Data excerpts

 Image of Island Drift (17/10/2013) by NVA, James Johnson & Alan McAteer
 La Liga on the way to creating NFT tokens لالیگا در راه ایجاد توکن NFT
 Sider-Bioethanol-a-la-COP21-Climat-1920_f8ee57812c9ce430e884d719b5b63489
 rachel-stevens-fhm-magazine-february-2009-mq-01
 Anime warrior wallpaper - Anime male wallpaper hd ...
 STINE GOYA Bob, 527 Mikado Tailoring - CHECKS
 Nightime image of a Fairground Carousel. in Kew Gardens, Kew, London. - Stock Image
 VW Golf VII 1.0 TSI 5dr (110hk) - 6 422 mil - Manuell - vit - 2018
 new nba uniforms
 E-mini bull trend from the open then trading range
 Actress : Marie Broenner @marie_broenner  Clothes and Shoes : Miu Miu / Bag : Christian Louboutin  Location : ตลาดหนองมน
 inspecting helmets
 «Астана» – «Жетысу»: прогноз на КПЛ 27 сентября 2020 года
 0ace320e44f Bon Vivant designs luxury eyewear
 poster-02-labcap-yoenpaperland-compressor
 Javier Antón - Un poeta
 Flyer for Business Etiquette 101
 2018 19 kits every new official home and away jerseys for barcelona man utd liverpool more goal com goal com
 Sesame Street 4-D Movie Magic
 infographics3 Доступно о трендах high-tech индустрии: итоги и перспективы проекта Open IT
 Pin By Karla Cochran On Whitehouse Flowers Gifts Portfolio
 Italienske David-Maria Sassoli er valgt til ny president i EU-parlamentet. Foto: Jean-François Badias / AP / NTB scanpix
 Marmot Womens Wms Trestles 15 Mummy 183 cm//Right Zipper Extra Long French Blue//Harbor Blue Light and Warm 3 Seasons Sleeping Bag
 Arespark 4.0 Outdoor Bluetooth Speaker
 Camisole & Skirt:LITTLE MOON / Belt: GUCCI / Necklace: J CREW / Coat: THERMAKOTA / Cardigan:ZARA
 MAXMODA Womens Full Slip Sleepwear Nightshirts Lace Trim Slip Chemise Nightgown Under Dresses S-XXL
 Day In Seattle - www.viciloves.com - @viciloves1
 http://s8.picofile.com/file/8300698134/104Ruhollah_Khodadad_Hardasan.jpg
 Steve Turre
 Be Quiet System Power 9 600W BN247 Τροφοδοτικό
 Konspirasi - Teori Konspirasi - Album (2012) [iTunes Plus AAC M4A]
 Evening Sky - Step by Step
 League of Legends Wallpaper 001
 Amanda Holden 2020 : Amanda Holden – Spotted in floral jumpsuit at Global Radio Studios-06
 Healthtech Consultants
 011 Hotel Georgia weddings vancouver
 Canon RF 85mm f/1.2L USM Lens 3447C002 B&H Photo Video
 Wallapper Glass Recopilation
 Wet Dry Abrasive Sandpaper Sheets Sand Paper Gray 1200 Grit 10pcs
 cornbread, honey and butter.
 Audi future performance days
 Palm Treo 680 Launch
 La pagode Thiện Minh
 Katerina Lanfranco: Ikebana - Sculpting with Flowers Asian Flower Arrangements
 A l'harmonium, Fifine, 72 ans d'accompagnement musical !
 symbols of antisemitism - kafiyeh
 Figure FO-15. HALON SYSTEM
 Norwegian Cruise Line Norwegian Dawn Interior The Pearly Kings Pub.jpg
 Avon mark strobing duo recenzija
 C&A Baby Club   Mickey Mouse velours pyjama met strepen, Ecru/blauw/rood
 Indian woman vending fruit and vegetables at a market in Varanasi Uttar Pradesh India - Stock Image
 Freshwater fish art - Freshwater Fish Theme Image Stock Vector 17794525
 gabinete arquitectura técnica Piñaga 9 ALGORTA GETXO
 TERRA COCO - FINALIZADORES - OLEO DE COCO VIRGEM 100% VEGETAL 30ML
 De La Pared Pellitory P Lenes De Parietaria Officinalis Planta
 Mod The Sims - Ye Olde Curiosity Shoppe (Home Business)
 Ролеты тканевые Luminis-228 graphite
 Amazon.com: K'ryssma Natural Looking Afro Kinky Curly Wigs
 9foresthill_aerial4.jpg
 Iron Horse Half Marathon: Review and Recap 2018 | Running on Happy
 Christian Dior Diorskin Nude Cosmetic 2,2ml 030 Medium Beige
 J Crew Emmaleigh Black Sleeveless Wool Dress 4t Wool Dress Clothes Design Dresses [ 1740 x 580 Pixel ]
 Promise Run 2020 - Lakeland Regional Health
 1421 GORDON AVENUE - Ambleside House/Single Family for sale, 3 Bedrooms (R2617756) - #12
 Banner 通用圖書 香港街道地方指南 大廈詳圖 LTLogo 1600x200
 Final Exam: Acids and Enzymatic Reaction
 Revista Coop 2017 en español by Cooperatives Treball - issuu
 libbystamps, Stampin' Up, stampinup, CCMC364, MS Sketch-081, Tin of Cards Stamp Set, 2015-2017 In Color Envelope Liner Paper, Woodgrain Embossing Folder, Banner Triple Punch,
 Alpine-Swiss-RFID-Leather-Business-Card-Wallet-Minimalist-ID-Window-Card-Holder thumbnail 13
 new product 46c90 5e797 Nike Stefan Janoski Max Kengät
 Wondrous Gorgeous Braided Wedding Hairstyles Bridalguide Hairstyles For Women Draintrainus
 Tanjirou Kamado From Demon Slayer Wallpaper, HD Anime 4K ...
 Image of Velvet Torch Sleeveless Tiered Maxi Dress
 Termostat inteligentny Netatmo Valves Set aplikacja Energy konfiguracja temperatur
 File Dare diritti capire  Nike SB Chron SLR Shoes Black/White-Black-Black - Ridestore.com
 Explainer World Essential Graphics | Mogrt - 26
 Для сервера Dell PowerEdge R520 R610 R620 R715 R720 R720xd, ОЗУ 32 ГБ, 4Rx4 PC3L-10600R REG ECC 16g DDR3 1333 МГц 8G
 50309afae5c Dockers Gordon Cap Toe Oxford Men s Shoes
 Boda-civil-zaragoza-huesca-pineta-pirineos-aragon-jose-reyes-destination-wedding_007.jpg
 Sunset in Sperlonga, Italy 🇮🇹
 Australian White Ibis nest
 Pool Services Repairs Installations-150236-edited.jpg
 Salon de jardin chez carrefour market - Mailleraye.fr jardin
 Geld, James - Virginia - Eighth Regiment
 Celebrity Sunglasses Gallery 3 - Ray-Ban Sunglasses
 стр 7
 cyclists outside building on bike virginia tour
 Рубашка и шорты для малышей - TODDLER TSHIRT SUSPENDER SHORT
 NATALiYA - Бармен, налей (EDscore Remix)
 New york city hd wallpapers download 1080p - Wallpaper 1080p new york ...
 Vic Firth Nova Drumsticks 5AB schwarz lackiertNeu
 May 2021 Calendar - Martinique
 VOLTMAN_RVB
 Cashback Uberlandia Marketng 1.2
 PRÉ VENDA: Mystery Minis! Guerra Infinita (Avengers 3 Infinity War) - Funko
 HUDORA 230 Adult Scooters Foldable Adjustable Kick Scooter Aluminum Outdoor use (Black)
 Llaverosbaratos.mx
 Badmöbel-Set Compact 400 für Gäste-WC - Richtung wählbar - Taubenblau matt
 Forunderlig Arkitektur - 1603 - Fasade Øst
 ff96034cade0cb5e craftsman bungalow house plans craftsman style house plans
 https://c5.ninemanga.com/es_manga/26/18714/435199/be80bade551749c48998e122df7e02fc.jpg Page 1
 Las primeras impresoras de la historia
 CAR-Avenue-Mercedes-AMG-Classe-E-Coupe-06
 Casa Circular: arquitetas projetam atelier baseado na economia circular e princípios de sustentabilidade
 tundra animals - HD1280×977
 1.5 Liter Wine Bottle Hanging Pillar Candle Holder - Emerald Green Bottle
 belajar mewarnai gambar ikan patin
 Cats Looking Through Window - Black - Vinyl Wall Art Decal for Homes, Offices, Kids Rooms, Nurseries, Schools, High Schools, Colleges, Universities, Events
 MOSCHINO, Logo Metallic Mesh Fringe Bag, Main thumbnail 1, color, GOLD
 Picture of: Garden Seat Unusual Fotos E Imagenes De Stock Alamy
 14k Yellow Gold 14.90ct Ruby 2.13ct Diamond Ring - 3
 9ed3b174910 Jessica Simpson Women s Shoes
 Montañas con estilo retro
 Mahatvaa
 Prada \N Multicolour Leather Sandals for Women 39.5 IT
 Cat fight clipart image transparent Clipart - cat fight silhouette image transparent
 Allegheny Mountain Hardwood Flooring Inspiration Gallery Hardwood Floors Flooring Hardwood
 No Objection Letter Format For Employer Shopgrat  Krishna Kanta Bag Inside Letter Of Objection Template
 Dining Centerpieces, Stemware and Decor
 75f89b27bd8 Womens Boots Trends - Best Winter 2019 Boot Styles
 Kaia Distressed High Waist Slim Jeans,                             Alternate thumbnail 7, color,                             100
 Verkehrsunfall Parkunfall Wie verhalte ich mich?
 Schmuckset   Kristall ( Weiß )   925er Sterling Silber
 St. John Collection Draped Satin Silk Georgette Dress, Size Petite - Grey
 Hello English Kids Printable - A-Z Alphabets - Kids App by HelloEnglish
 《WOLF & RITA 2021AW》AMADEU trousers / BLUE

# [WHAT IS BEING ASKED]
Retype the records above, but only those lines that fall between the line containing "14k Yellow Gold" and the line containing "No Objection Letter", with both of those lines included, exactly as written.

# [RESULT OF THIS TASK]
 14k Yellow Gold 14.90ct Ruby 2.13ct Diamond Ring - 3
 9ed3b174910 Jessica Simpson Women s Shoes
 Montañas con estilo retro
 Mahatvaa
 Prada \N Multicolour Leather Sandals for Women 39.5 IT
 Cat fight clipart image transparent Clipart - cat fight silhouette image transparent
 Allegheny Mountain Hardwood Flooring Inspiration Gallery Hardwood Floors Flooring Hardwood
 No Objection Letter Format For Employer Shopgrat  Krishna Kanta Bag Inside Letter Of Objection Template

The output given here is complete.